» **What needs to be done**:
Leave out every picture, then transcribe the rest of the listing exactly.

» **Dataset excerpt**:
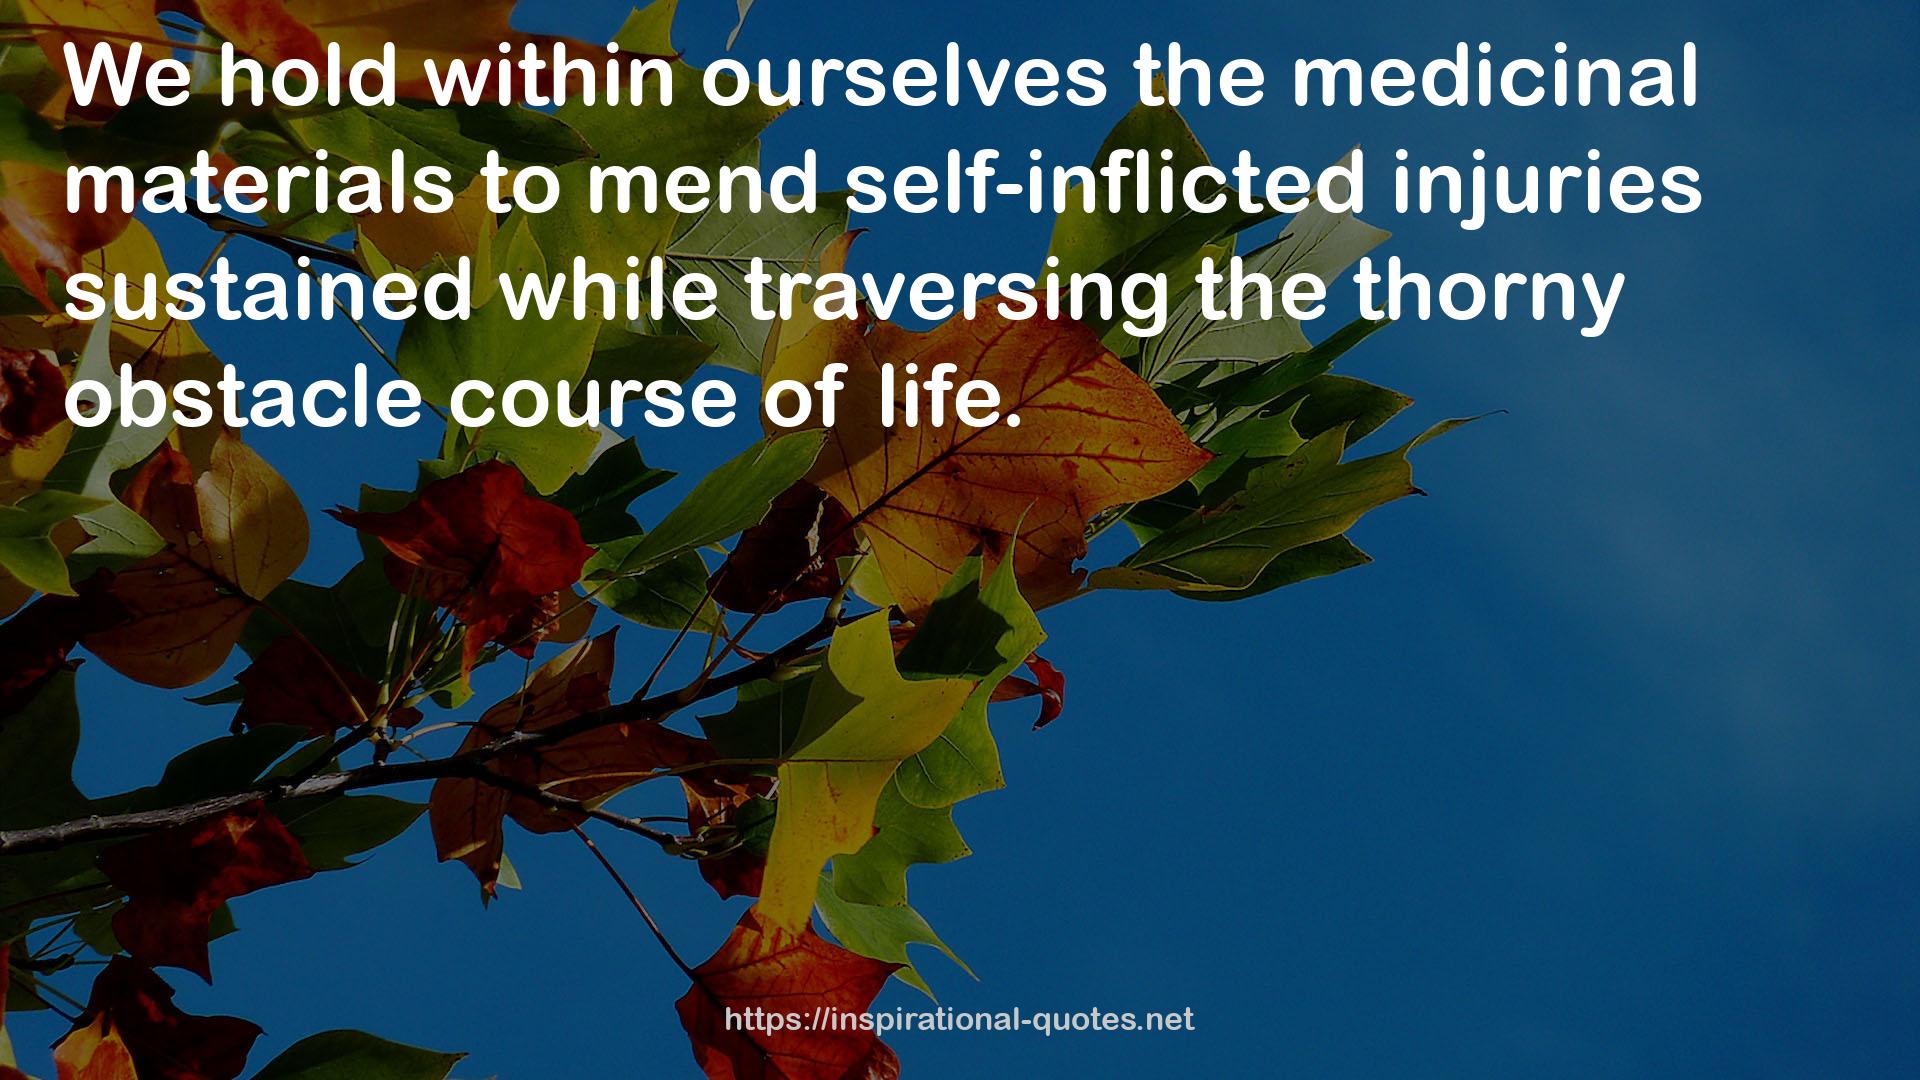 self-inflicted injuries  QUOTES
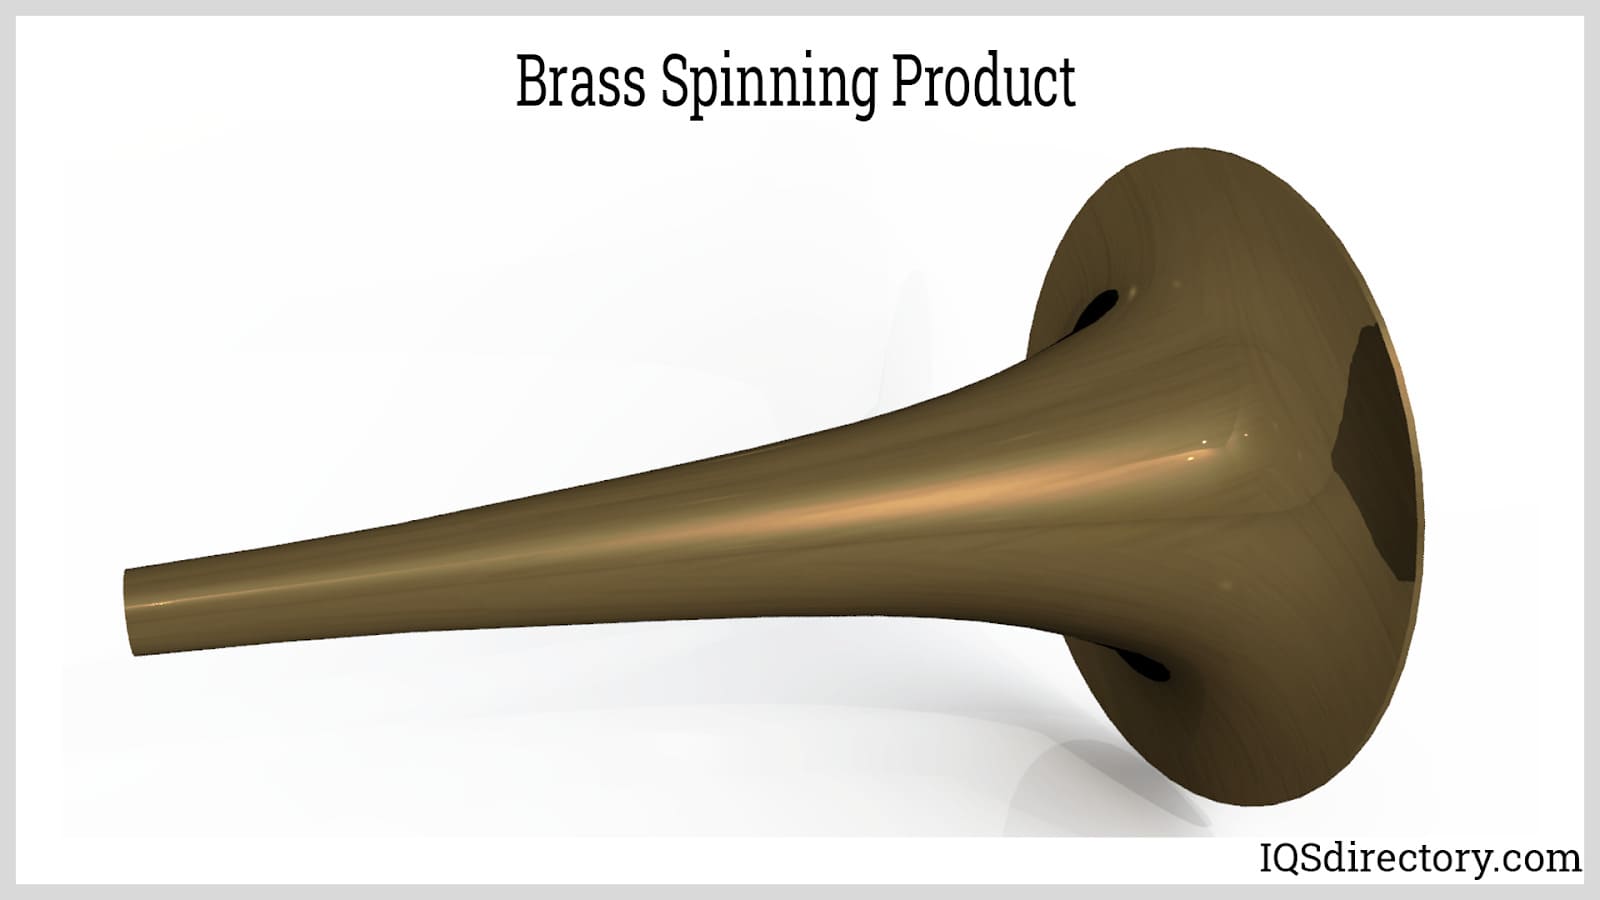 Brass Spinning Product
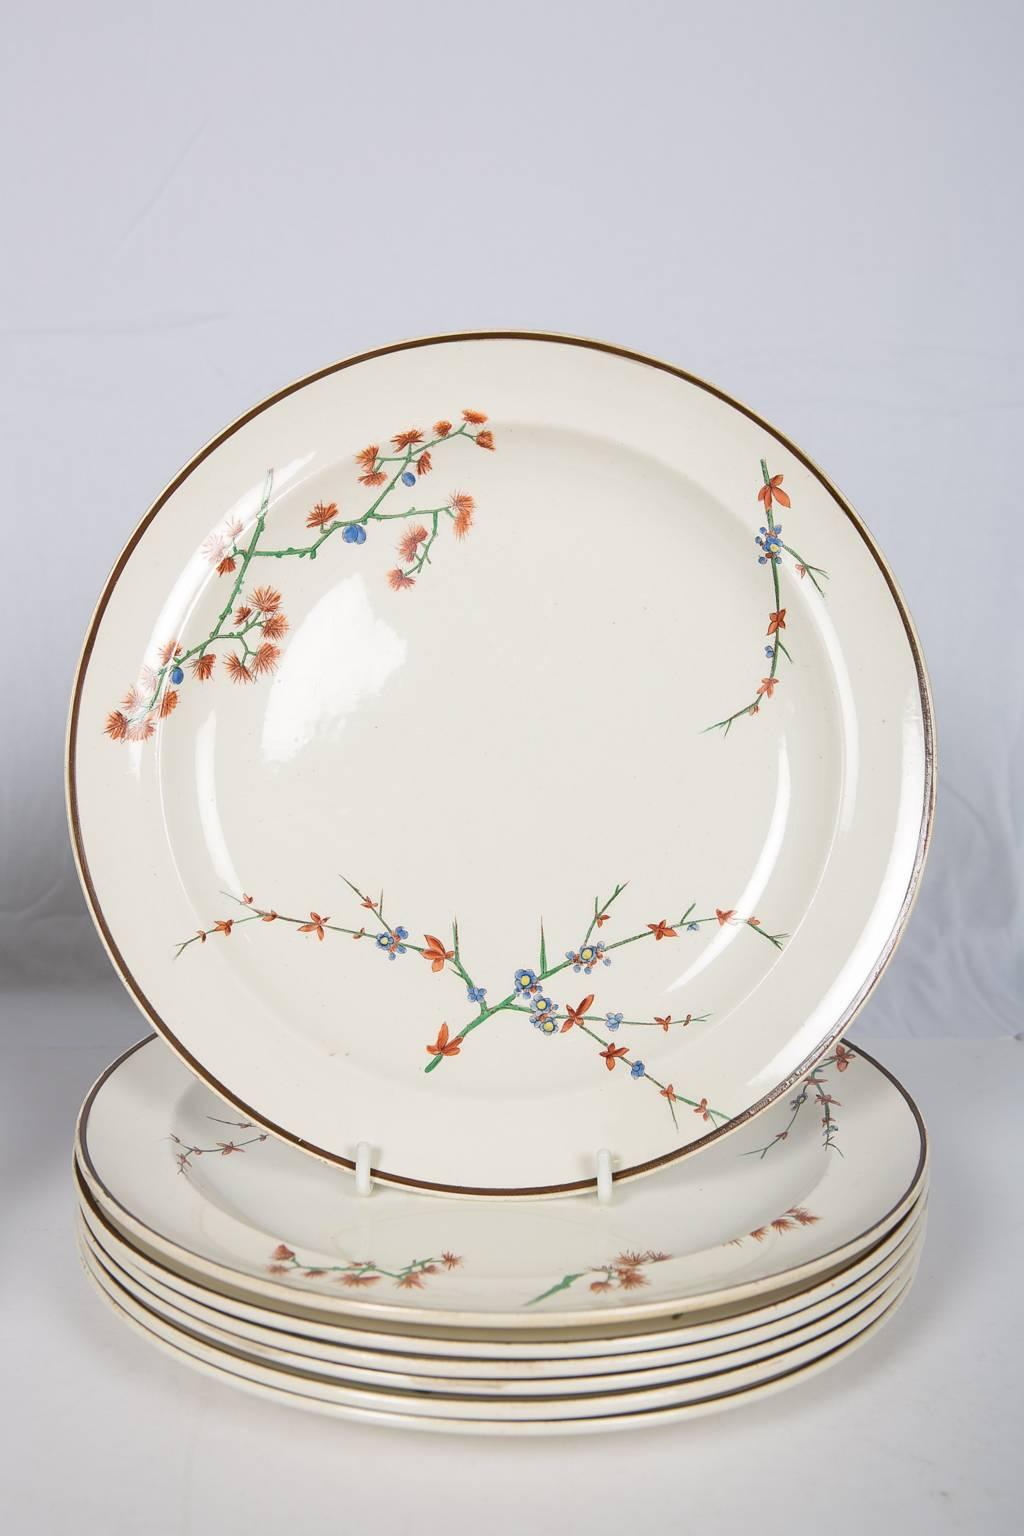 26 Wedgwood Creamware Dinner Plates with Thistle Design Made, circa 1880 For Sale 1
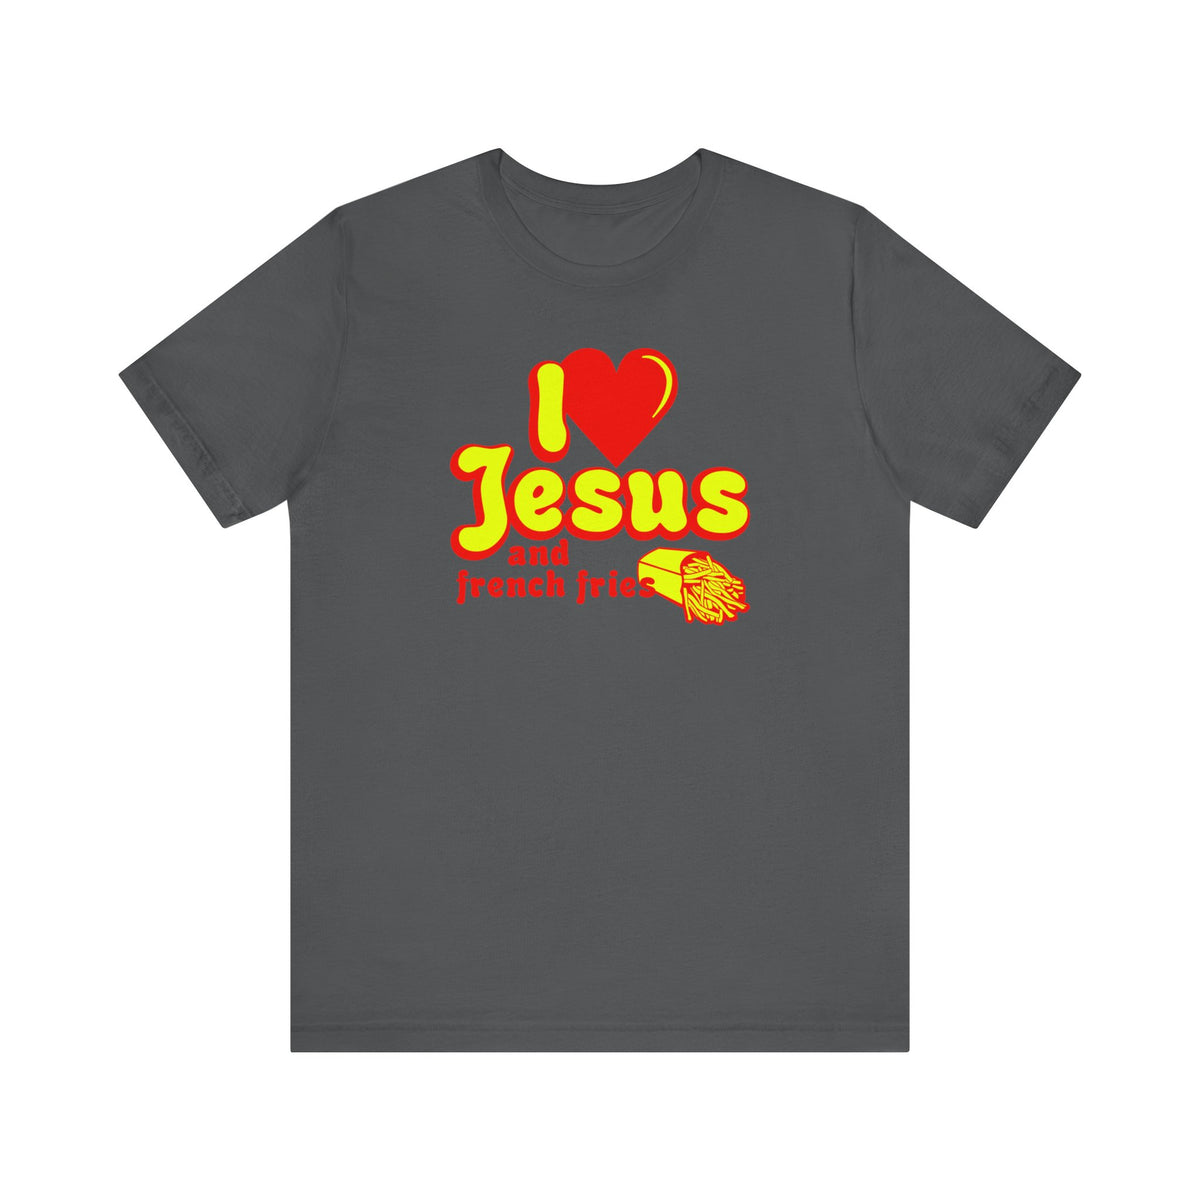 I Heart Jesus (And French Fries) - Men's T-Shirt

» **Response area**:
 self-inflicted injuries  QUOTES
 Brass Spinning Product
 26 Wedgwood Creamware Dinner Plates with Thistle Design Made, circa 1880 For Sale 1
 I Heart Jesus (And French Fries) - Men's T-Shirt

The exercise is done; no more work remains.